Figure 8A is a 100x magnification photograph of the grain structure of a disc produced from conventional unidirectionally rolled steel, showing the direction, distribution and shape of the residual sulfide inclusions, clearly showing that typical sulfide inclusions are elongated cord-like in the rolling direction and are located essentially along lines parallel to the rolling direction,

Figure 8B is a microscopic photograph at 100x magnification, similar to Figure 8A, except that it is taken from a disc made of multidirectionally rolled steel and shows the sulfide inclusions in a single, distinct rolling direction,

Figure 8C is a microscopic photograph of the steel material of the same disc as Figure 8B, but at a higher magnification than the latter,

Figure 8D is a microscopic image of the structure of a disc made of the steel material according to the invention, magnified 100 times, showing the typical sulfide inclusions that remained, which were not deformed or elongated during rolling, and the

Figure 9. Load-displacement diagram showing the fracture toughness of untreated or conventional SAE 1085 quenched and tempered disc steel, a

Figure 10 is a load-displacement diagram showing the fracture toughness of the disc steel material according to the invention, while

Figure 11 is a diagram based on the examination of disc material samples containing different percentages of residual sulfide inclusions with a straight face, showing their fracture toughness measured in the direction parallel and perpendicular to the rolling direction.

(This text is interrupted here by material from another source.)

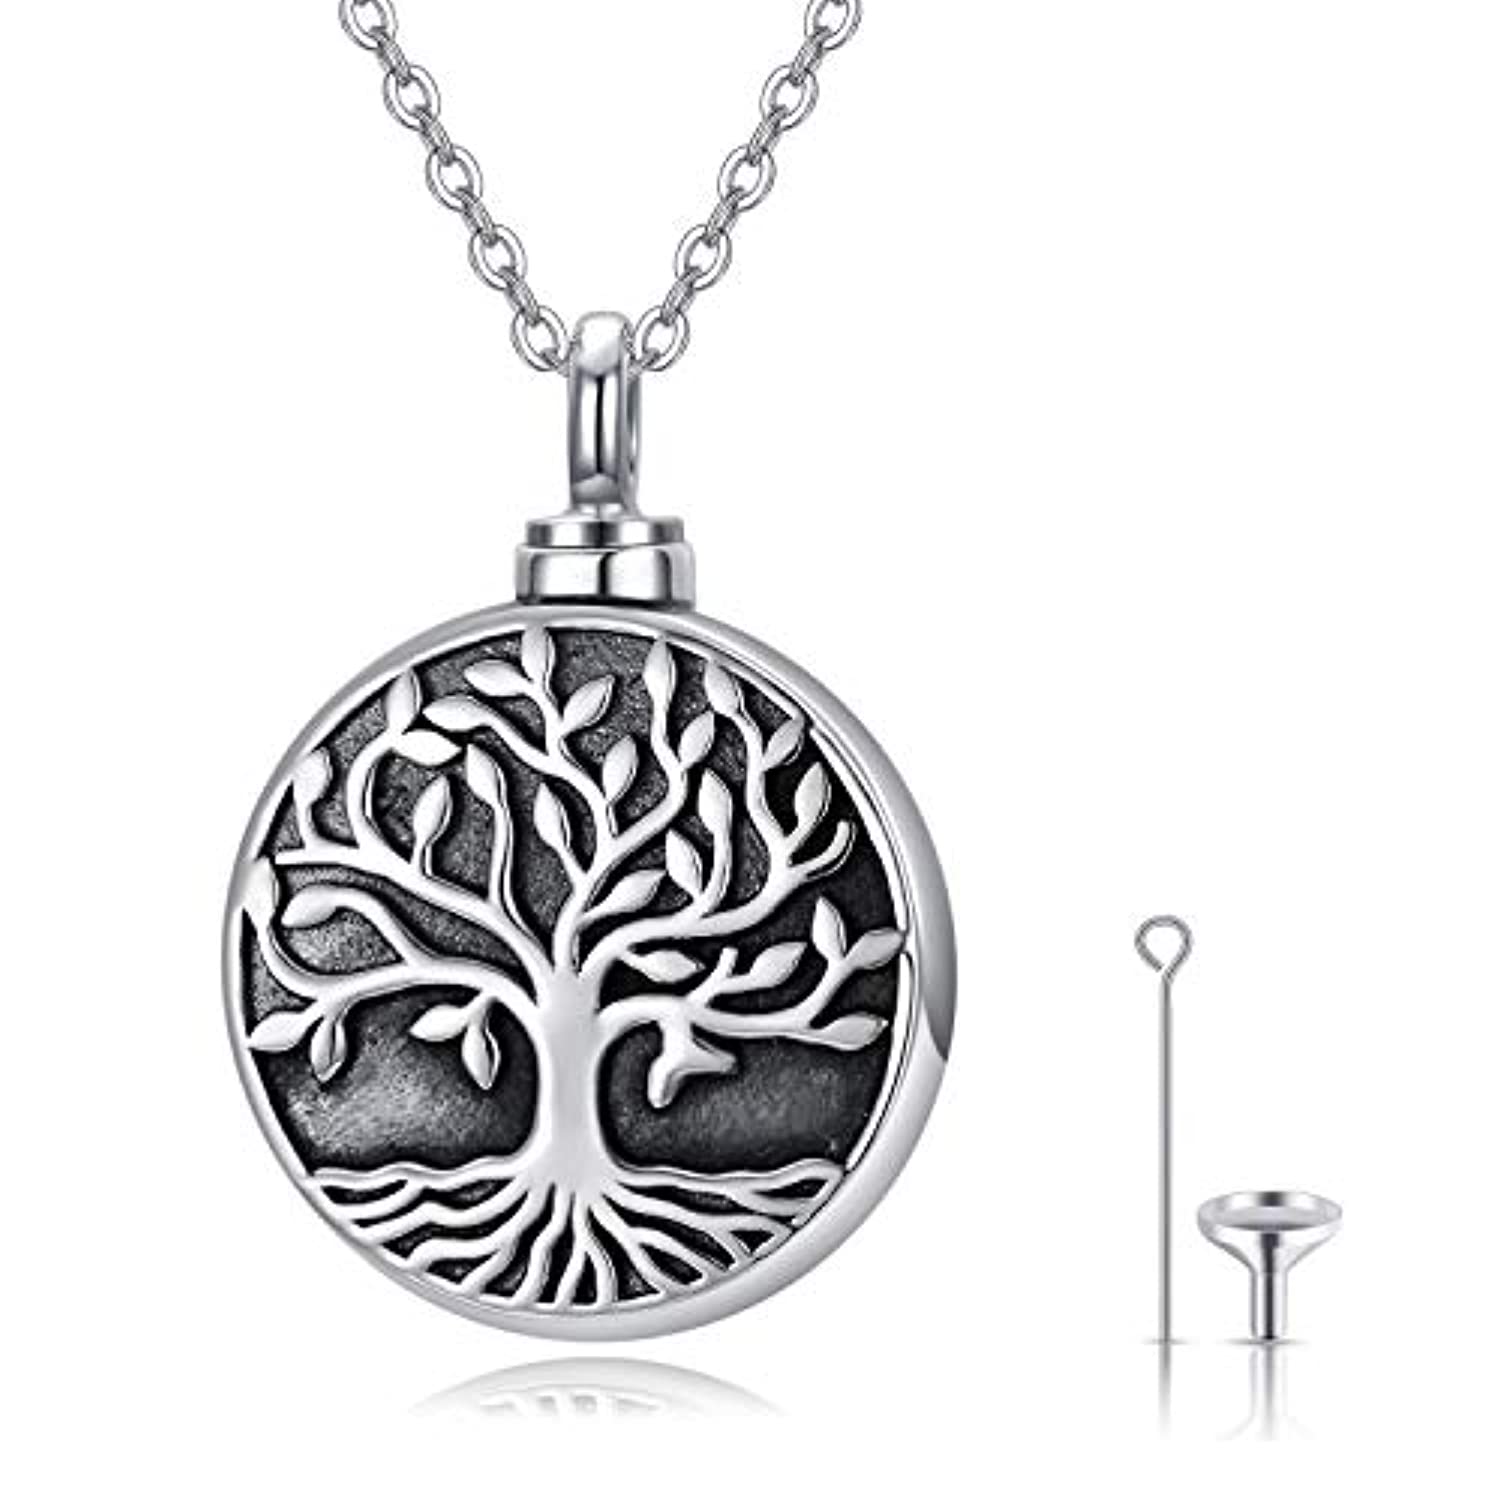 Mini Penny Tree of Life Necklace - The Copper Coin®

As already emphasized above, the invention is therefore primarily directed to the production of soil cultivation tools, especially agricultural cultivation discs, from high-carbon steel, namely containing more than 0.65% by weight of carbon, according to the standard designation SAE 1085, which is characterized by relatively high and uniform toughness in all directions. This is achieved primarily by adding chemical elements in a predetermined amount and composition, which addition is carried out during the production of steel by introducing them into a high-carbon steel melt containing more than 0.65% by weight of carbon. The additives, the chemical elements to be used for the addition, and their quantities are described in detail below. These react with the sulfur content and oxygen of the molten steel bath to form linear oxide sulfides/particles, which retain their spherical shape throughout the hot rolling of the steel material into a sheet suitable for the production of agricultural cultivation discs.

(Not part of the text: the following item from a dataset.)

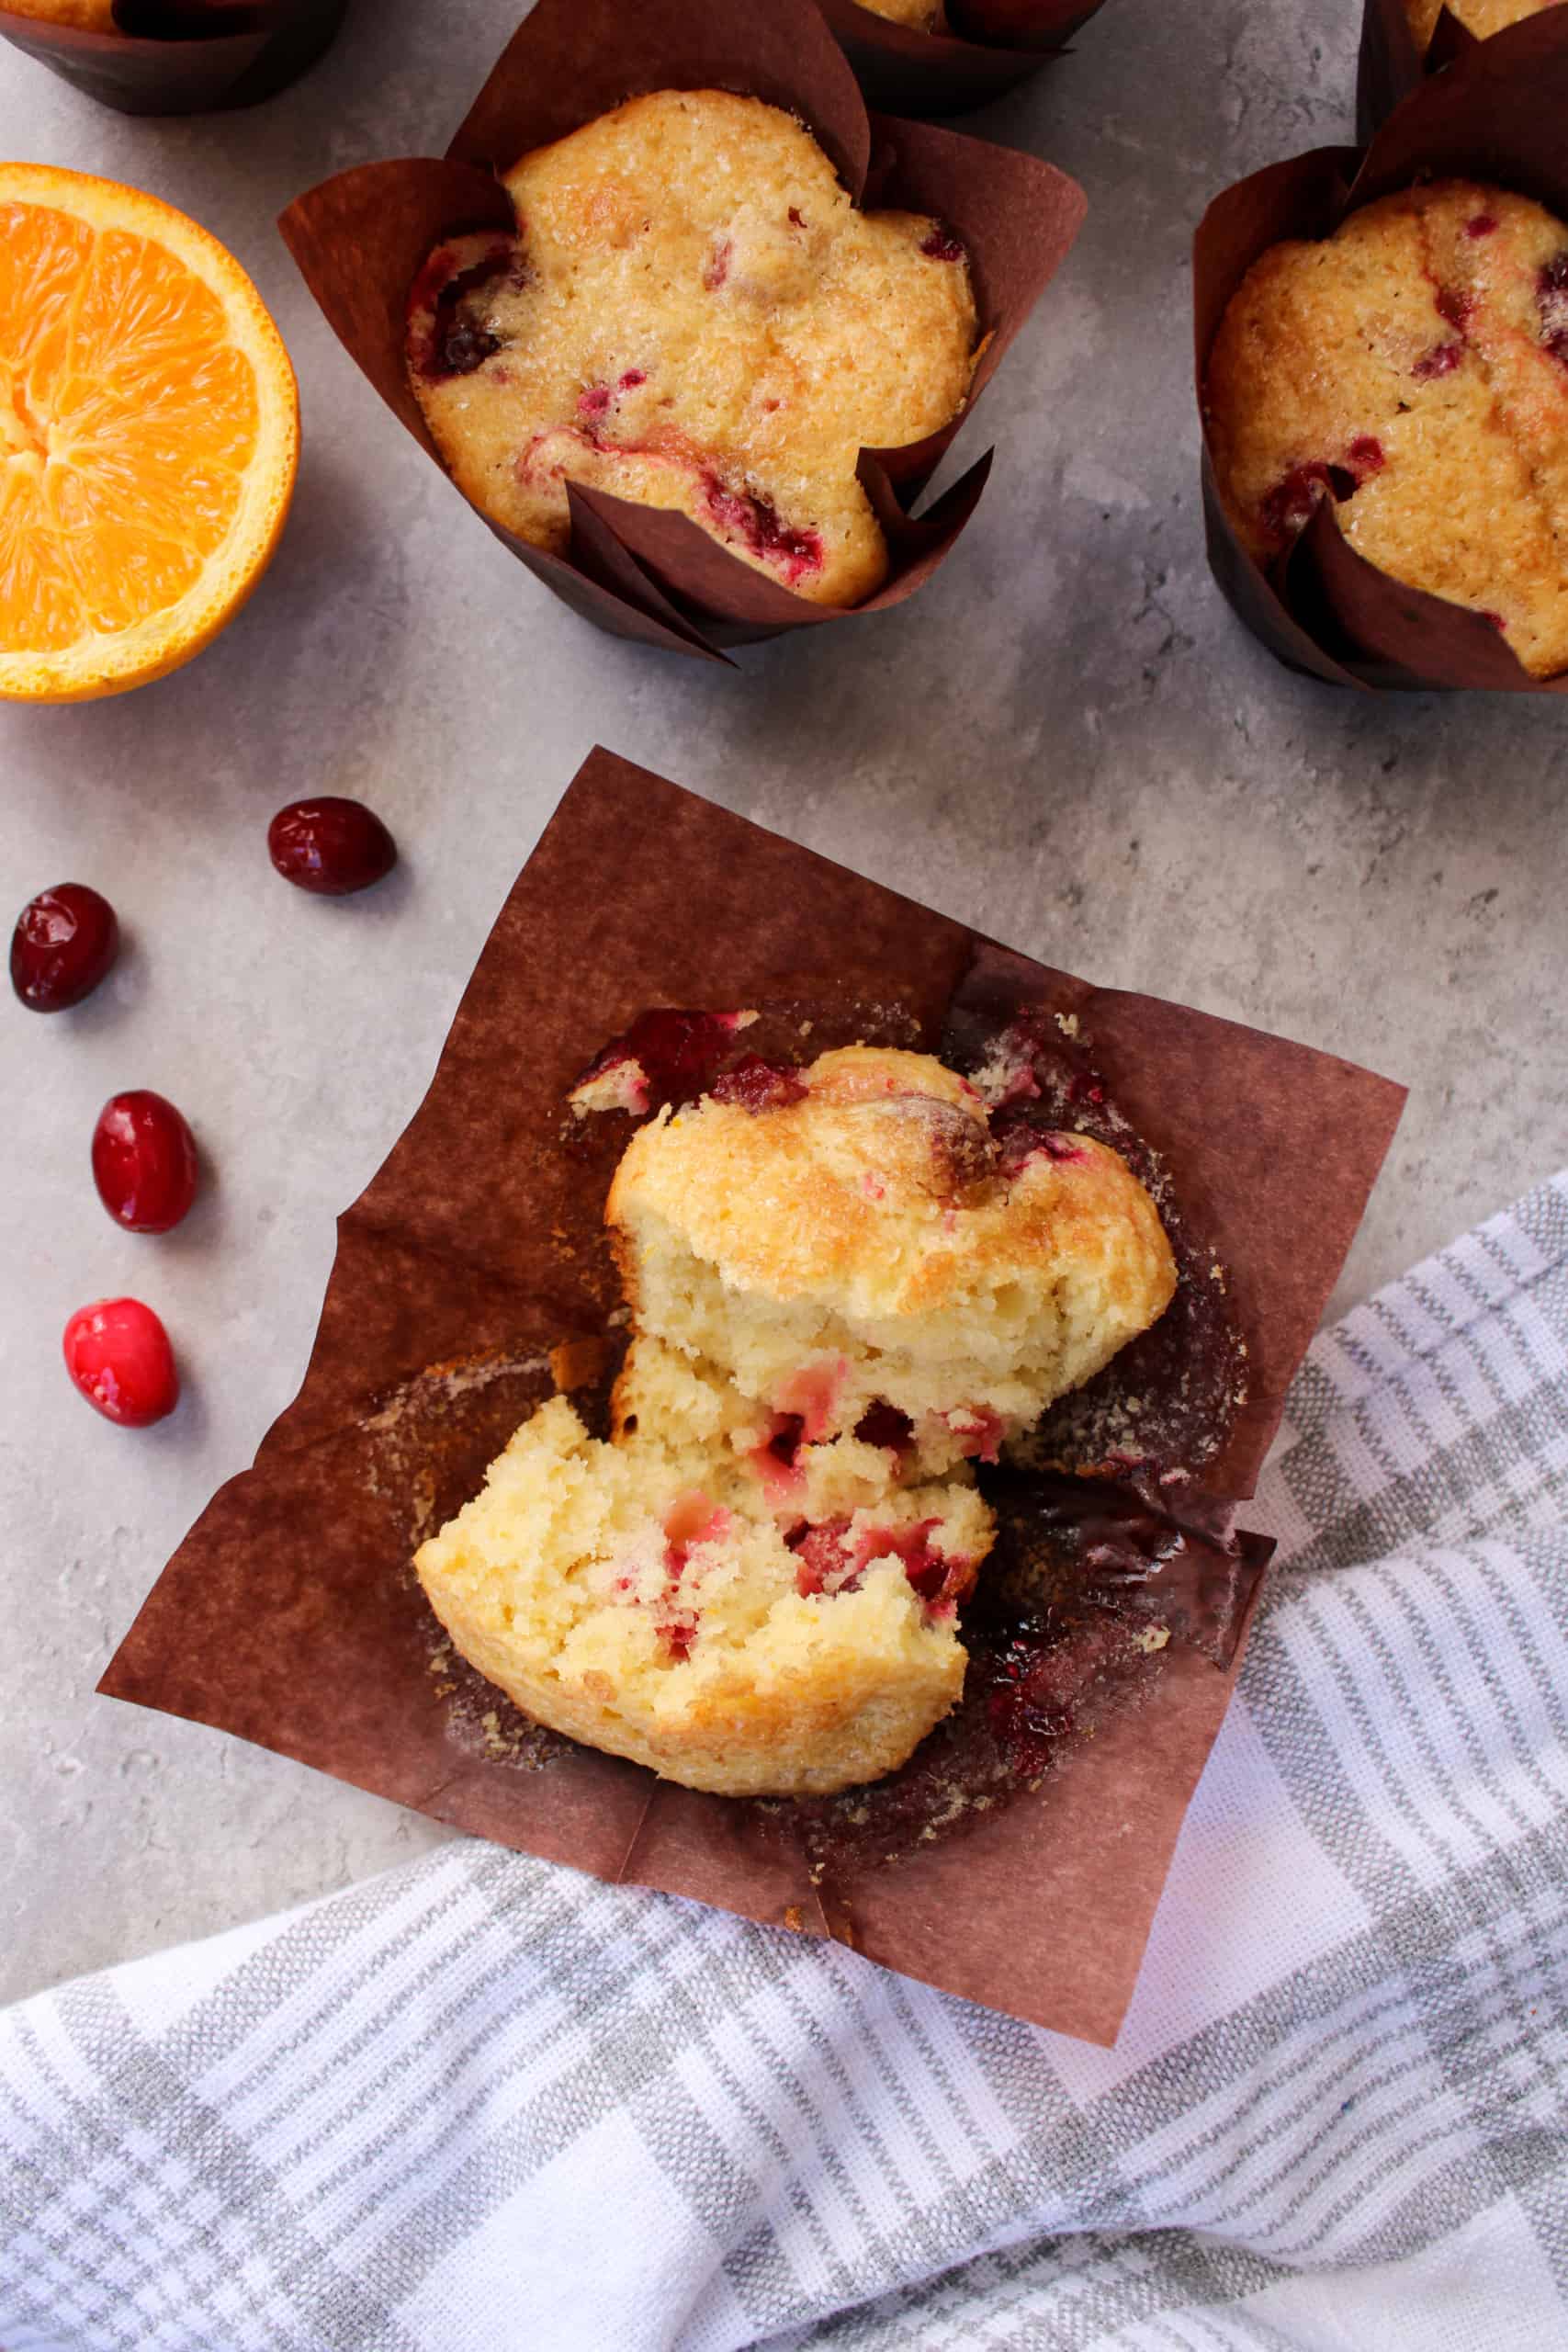 Orange cranberry muffin sliced in half on a table.

The technology of influencing the shape of sulfide grains is well known and developed for low-carbon structural steels. However, it has not yet been proposed to influence the shape of sulfide grains by adding chemical substances to obtain structural materials with outstanding quality characteristics suitable for the production of agricultural implements and cultivator discs for high-carbon steels. It can be stated that the technology based on influencing the shape of sulfide grains has never been applied to high-carbon steels for the mentioned purpose.

The results of a large number of fracture toughness tests performed on discs made of various structural materials and with different manufacturing processes show that the directional dependence of fracture toughness varies depending on the spherical grain fraction of the sulfide inclusions contained. The spherical grain fraction is understood as the proportion of grains retained in hot-rolled steel sheet to a thickness suitable for the production of discs. It has been proven that those cultivator disc units in which the sulfide inclusions have retained their spherical shape in essentially 100% have essentially complete directional independence in terms of fracture toughness.

During the preliminary research work leading to the creation of the invention, a number of disc units were produced for testing purposes from a steel sheet hot rolled in one direction to a thickness of about 8 mm (5/16''). Each of these steel sheets, which formed the starting structural material of the disc units produced for testing purposes, was obtained separately from steel melts, into which a specific additive unit of an experimental series consisting of different additive compositions was introduced. The additive compositions of the experimental series included Mischmetal, rare earth silicides, ferro-titanium and an alloy called Hypercal. A very large number of fracture toughness tests were carried out with the disc units prepared and produced as described above, where the proportion of sulfide grains remaining in spherical shape after hot rolling in the tested disc units ranged from 40% to 100%.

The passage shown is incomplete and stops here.